Te zbiorniki powinny być połączone szeregowo i i jako tandem pracować cały czas...
Do każdego powinna być zainstalowana grzałka o mocy zbliżonej do mocy instalacji fotowoltaicznej ...
W pierwszej kolejności ma być grzany zbiornik wyjściowy na instalacje domowe a jak osiągnie np 80* to automatycznie ma przełączać się na drugi zbiornik ...

----------


## CityMatic

> Te zbiorniki powinny być połączone szeregowo i i jako tandem pracować cały czas...
> Do każdego powinna być zainstalowana grzałka o mocy zbliżonej do mocy instalacji fotowoltaicznej .


Zgadzam się w zupełności, woda ogrzana jest wypychana przez wodę ze zbiornika poprzedzającego.  :yes:

----------


## CityMatic

> czyli co bys konkretnie polecil  aby zamienic przetwornice na ktory falownik


Nie ma priorytetów.... taki który dobrze będzie współpracował z posiadanymi panelami, ale to wiąże się ze zmianą umowy, wymianą licznika-zapewne na jakiś nowy, wspólnym podziałem opłat itp.
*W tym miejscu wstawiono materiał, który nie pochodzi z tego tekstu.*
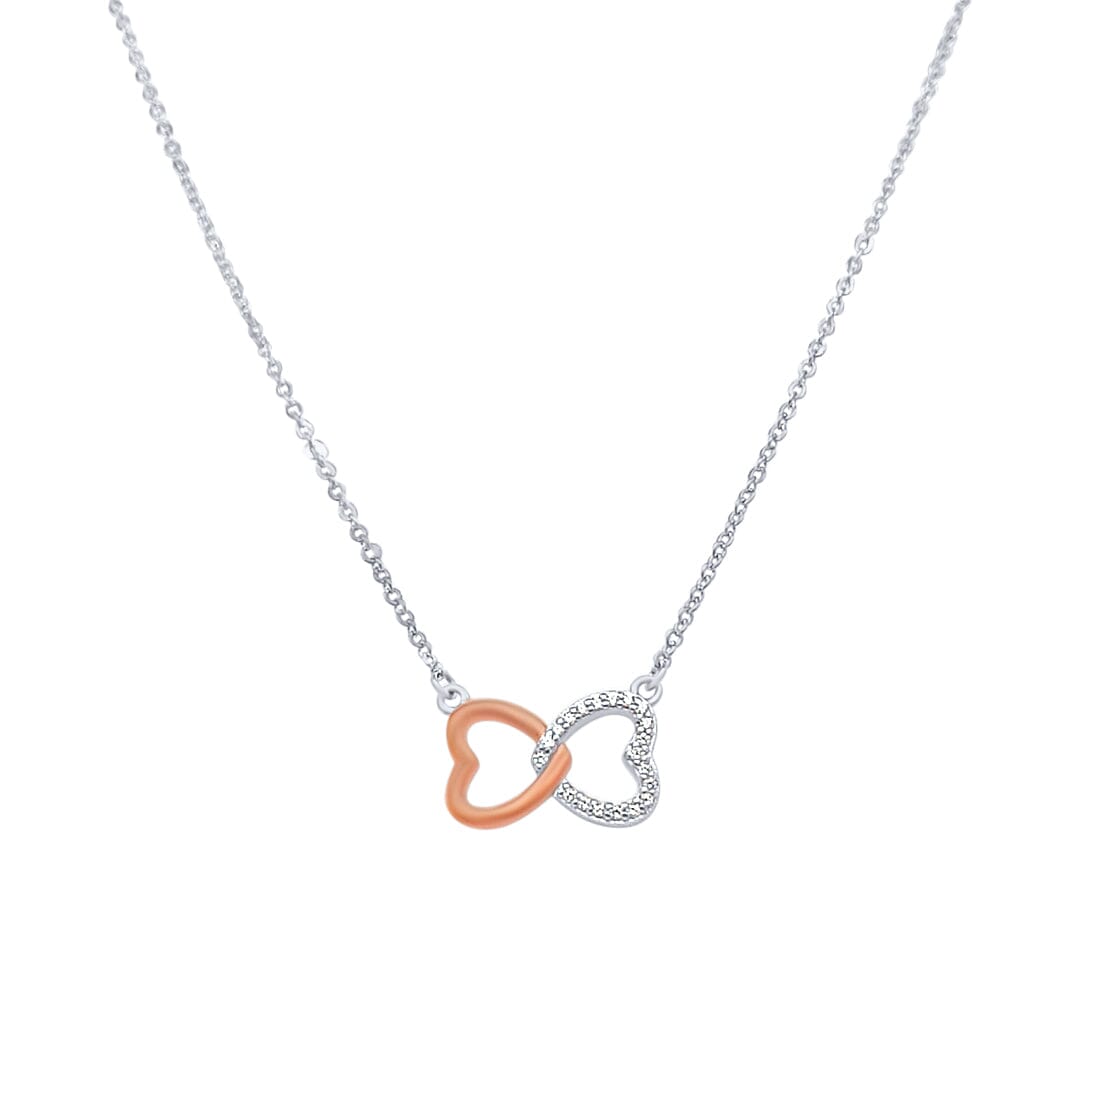 45cm Heart and Rose Necklace with Cubic Zirconia in Sterling Silver Necklaces Bevilles

Nie wiem czy istnieje możliwość umowy prosumenckiej dla wspólnoty.
To co macie obecnie jest układem niezależnym od dostawcy ee.

----------


## 23061988PAWEL

> Nie ma priorytetów.... taki który dobrze będzie współpracował z posiadanymi panelami, ale to wiąże się ze zmianą umowy, wymianą licznika-zapewne na jakiś nowy, wspólnym podziałem opłat itp. Nie wiem czy istnieje możliwość umowy prosumenckiej dla wspólnoty.
> To co macie obecnie jest układem niezależnym od dostawcy ee.


instalacja sluzy tylko do podgrzewania wody uzyt. nie ma licznika i zadna umowa z zakladem nie jest podpisana

----------


## CityMatic

> instalacja sluzy tylko do podgrzewania wody uzyt. nie ma licznika i zadna umowa z zakladem nie jest podpisana


Dlatego to powyżej napisałem. Wiem, że jest niezależna bo też tak chciałem.
Nadal myślę że jest to do zrobienia. Wskazówki masz:trzeba zastosować odpowiednią przetwornicę, połączyć zbiorniki, przeanalizować jak układ pracuje, czy zasila grzałkę/grzałki, czy jest wydolny mocą bo jeśli np pracuje prawidłowo to grzałka 4kW (przy Waszej instalacji) nie wiem czy zagrzeje wodę w ilości 300l przez 10h?
A jeszcze jak zacznie się jej rozbiór? Ja mam tyle wody dla 5 osób, a najczęściej dla 2. Mnie wystarcza - Wam niekoniecznie.

----------


## jasiek71

Tak po kolei...
Instrukcja fotowoltaiczna ma ok 2790 Wp mocy max więc zamontowana grzałka powinna mieć 2,5-2,7kW mocy...( Nie bardzo rozumiem jak są podłączone dwie grzałki 2kW i 1,2kW ...???)
Taka moc instalacji jest optymalna dla zbiornika 300L ale dla dla trzech rodzin to jest stanowczo za mała pojemność...
Aby to usprawnić potrzeba wykorzystać dwa zbiorniki połączone szeregowo z dwoma niezależnymi grzałkami o mocy jak wyżej sterowane z przetwornicy...
Grzałki mają mieć własne termostaty aby to odpowiednio działało...
Pierwszy (główny...) zbiornik ma mieć dodatkowo główne źródło energii do podgrzewania typu grzałki sieciowe czy kocioł gazowy tak aby zawsze była w nim utrzymywana minimalna ale zawsze dostępna temperatura np 45-50*...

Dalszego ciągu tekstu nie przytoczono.